The head-scratcher here is that despite claiming to assess a technology – and despite using an assessment framework purpose-built to evaluate digital health technologies – the report did not evaluate any technology products. Rather, it evaluated eight companies providing well-established care pathways virtually (i.e. healthcare services).
Now, all these companies met the inclusion criteria of “connecting to a noncontinuous glucose monitor.” However, these tools – some connected to EHR and some not – are also pervasive as part of routine diabetes care provided in the clinic. As far back as 2006, 87% of adults with diabetes treated with insulin checked their blood glucose at least daily, and 63% of all adults with diabetes did the same.

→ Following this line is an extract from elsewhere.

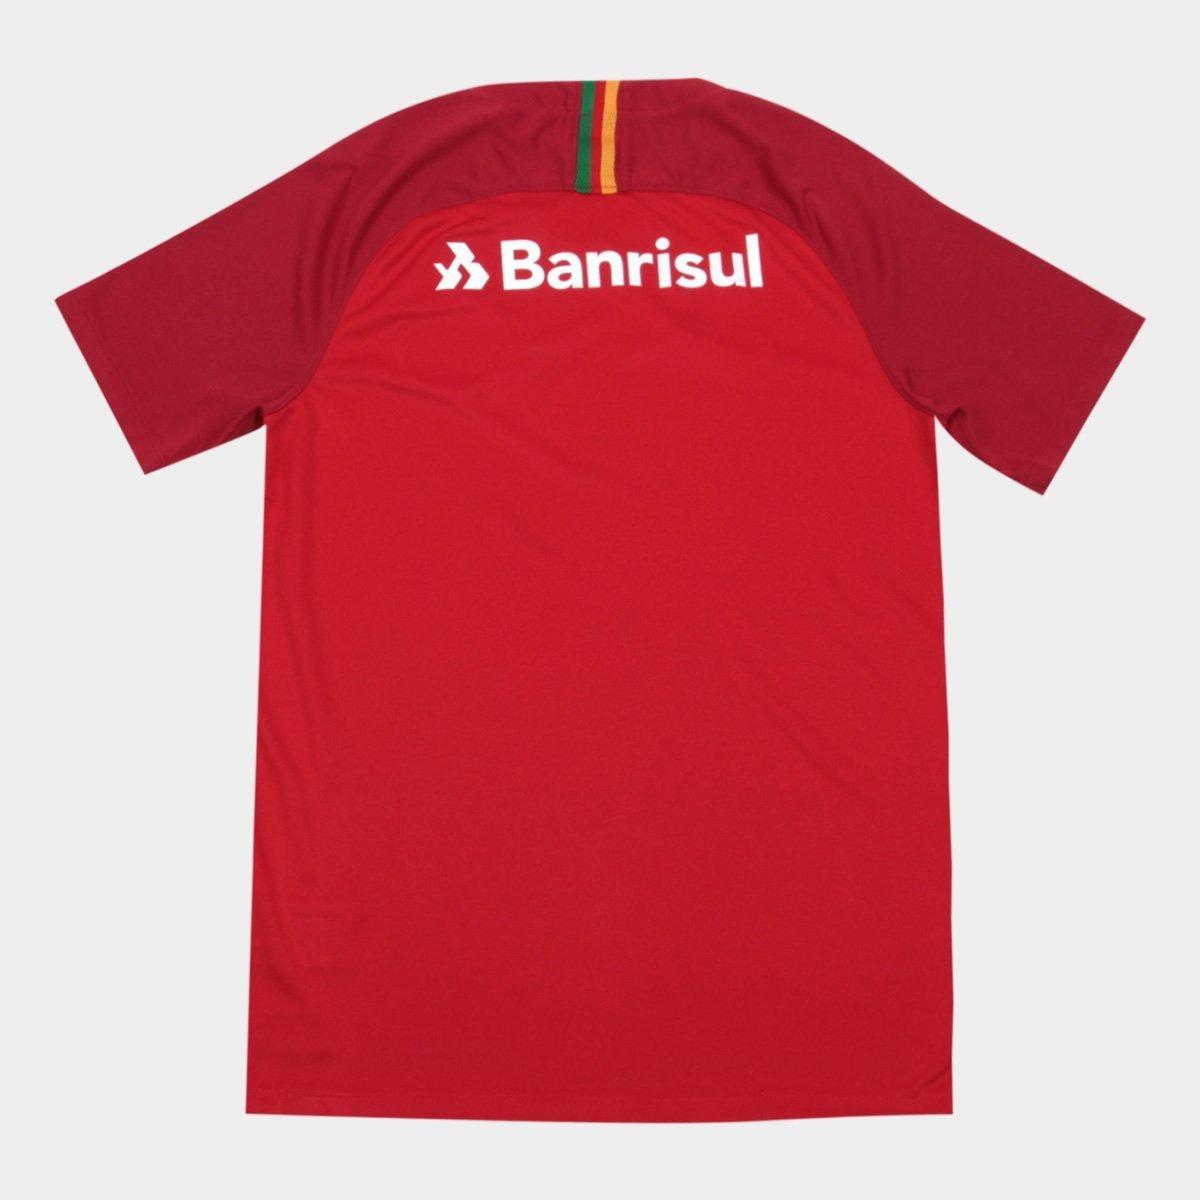 camisa internacional i 18 19 torcedor nike masculina. Carregando zoom... camisa  internacional masculina. Carregando zoom. b594a7e0691a0

So, what exactly was being evaluated?
Honestly, I’m not sure. Except I’m certain it was not a digital technology.
The decision to apply a product evaluation framework to digitally enabled healthcare services represents a larger issue plaguing the digitization of healthcare that must be addressed as a priority because quality patient care is at stake.
Critical considerations for evidence evaluation in the digital era of healthcare:
1. We must distinguish between digital health products and digitally enabled care services
As Steve Steinhubl and Eric Topol said, digital medicine is on its way to being just plain medicine. And just like every other big industry that has gone before us, every aspect of healthcare will be digitized: From back office administration to direct patient care, quality improvement to clinical research, and population health to precision medicine.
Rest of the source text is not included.